The inorganic powder slurry was dropped from a 2 mm diameter orifice into a binder insolubilizing bath using a roller pump. The dropped inorganic powder slurry solidified in the binder insolubilization bath and accumulated on the bottom of the beaker. This bead was taken out by filtration, washed thoroughly with water, dehydrated, and dried at 105 ° C. for 4 hours. 3.5mm diameter porous bead with apparent volume 170ml / 100g
24.5 g were obtained.

Table 1 collectively shows the results of Examples 1 to 6 and Comparative Examples 1 and 2.

Examples 1 to 6 and Comparative Example 1 thus obtained
The characteristics of each of the beads No. 2 and No. 2 as a sustained-release body were evaluated.

First, each bead was immersed in water or a fragrance shown in Table 2 for 5 minutes, then pulled up, and the amount absorbed and retained in each bead was measured. Table 2 shows the results. As is clear from Table 2, Examples 1 to 6 of the beads manufactured according to the present invention show a two to three times absorption retention amount as compared with Comparative Examples 1 and 2, indicating that the beads according to the present invention are porous. The bead was found to be superior as a sustained release body.

Next, similarly, each bead of Examples 1 to 6 and Comparative Examples 1 and 2 was immersed in the citral of the fragrance for 5 minutes and then pulled up. It was measured.
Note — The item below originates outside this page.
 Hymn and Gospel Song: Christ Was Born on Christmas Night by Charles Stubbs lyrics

As a result, as shown in Table 3, in Comparative Examples 1 and 2, the fragrance was not emitted and the odor was eliminated in about one month, whereas the beads in Examples 1 to 6 according to the present invention had 1 After a month and a half, the odor was still smelling, and the fragrance had been released. As is clear from these results, it was found that the porous bead of the present invention can be used as a sustained-release body and can be emitted for a long period of time, and has desirable properties as a sustained-release body. .
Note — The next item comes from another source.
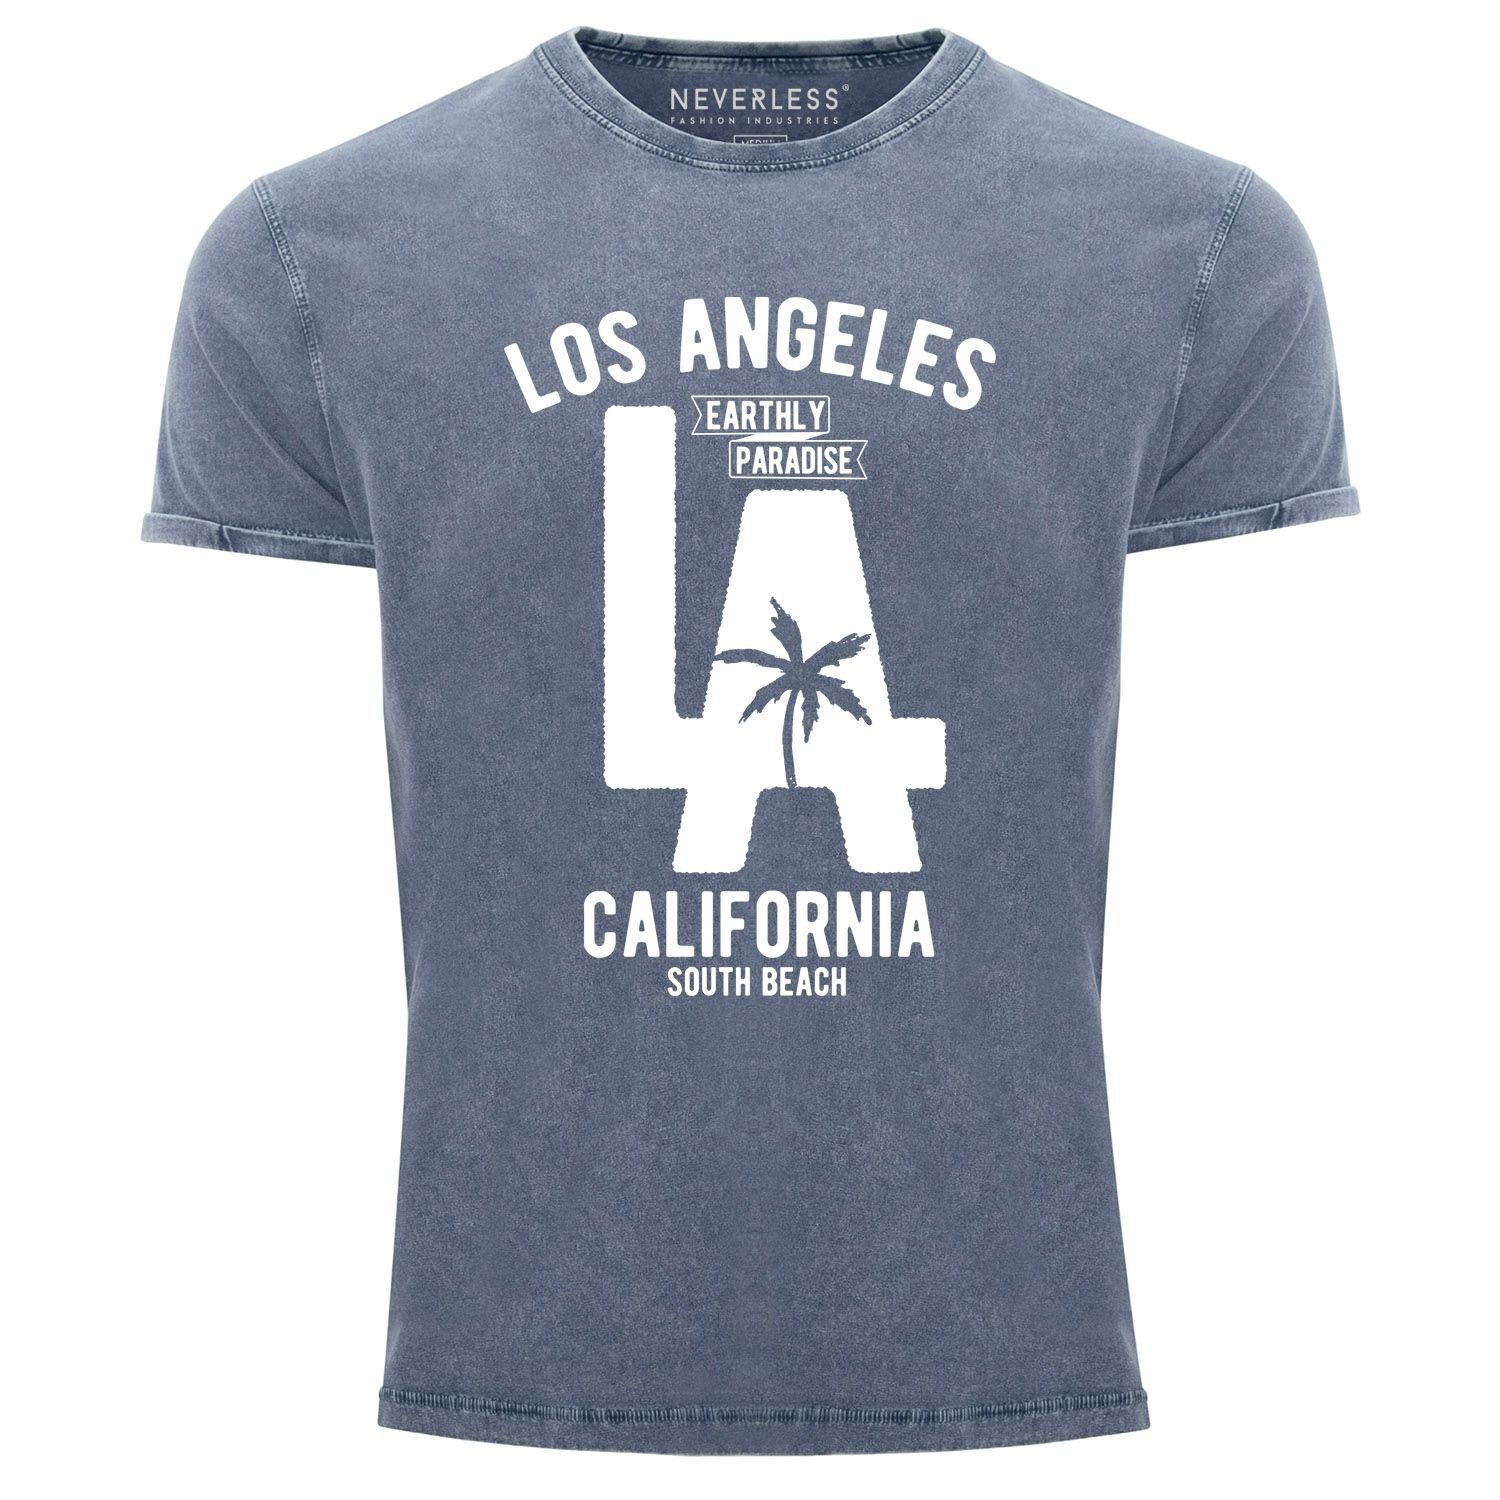 Neverless Print-Shirt Cooles Angesagtes Herren T-Shirt Vintage Shirt LA Los Angeles California Aufdruck Used Look Slim Fit Neverless® mit Print blau

[Brief description of the drawings]

FIG. 1 is a scanning electron micrograph showing the particle structure of a porous bead manufactured according to the present invention. FIG. 2 is a schematic diagram showing a photographed portion of the particle structure shown in FIG. In the figure, reference numeral 1 denotes a porous bead, and 2 denotes a photographing unit.

Claims (2)

(57) [Claims] 1. A porous bead obtained by solidifying an inorganic powder with a binder made of an organic polymer, wherein the porous bead is formed by foaming from the inside when the inorganic powder is solidified with a binder. Formed,
Characterized in that pores leading to the outside are formed,
Porous beads. 2. A method for producing a porous bead containing an inorganic powder, comprising: an inorganic powder slurry containing an inorganic powder, a water-soluble binder and a foaming agent; and an environment for foaming the foaming agent. ,And,
A step of preparing a binder insolubilizing bath containing an insolubilizing agent that insolubilizes the water-soluble binder, and appropriately lowering the inorganic powder slurry in the binder insolubilizing bath while foaming the blowing agent in the inorganic powder slurry. Insolubilizing the water-soluble binder and solidifying it in a bead form.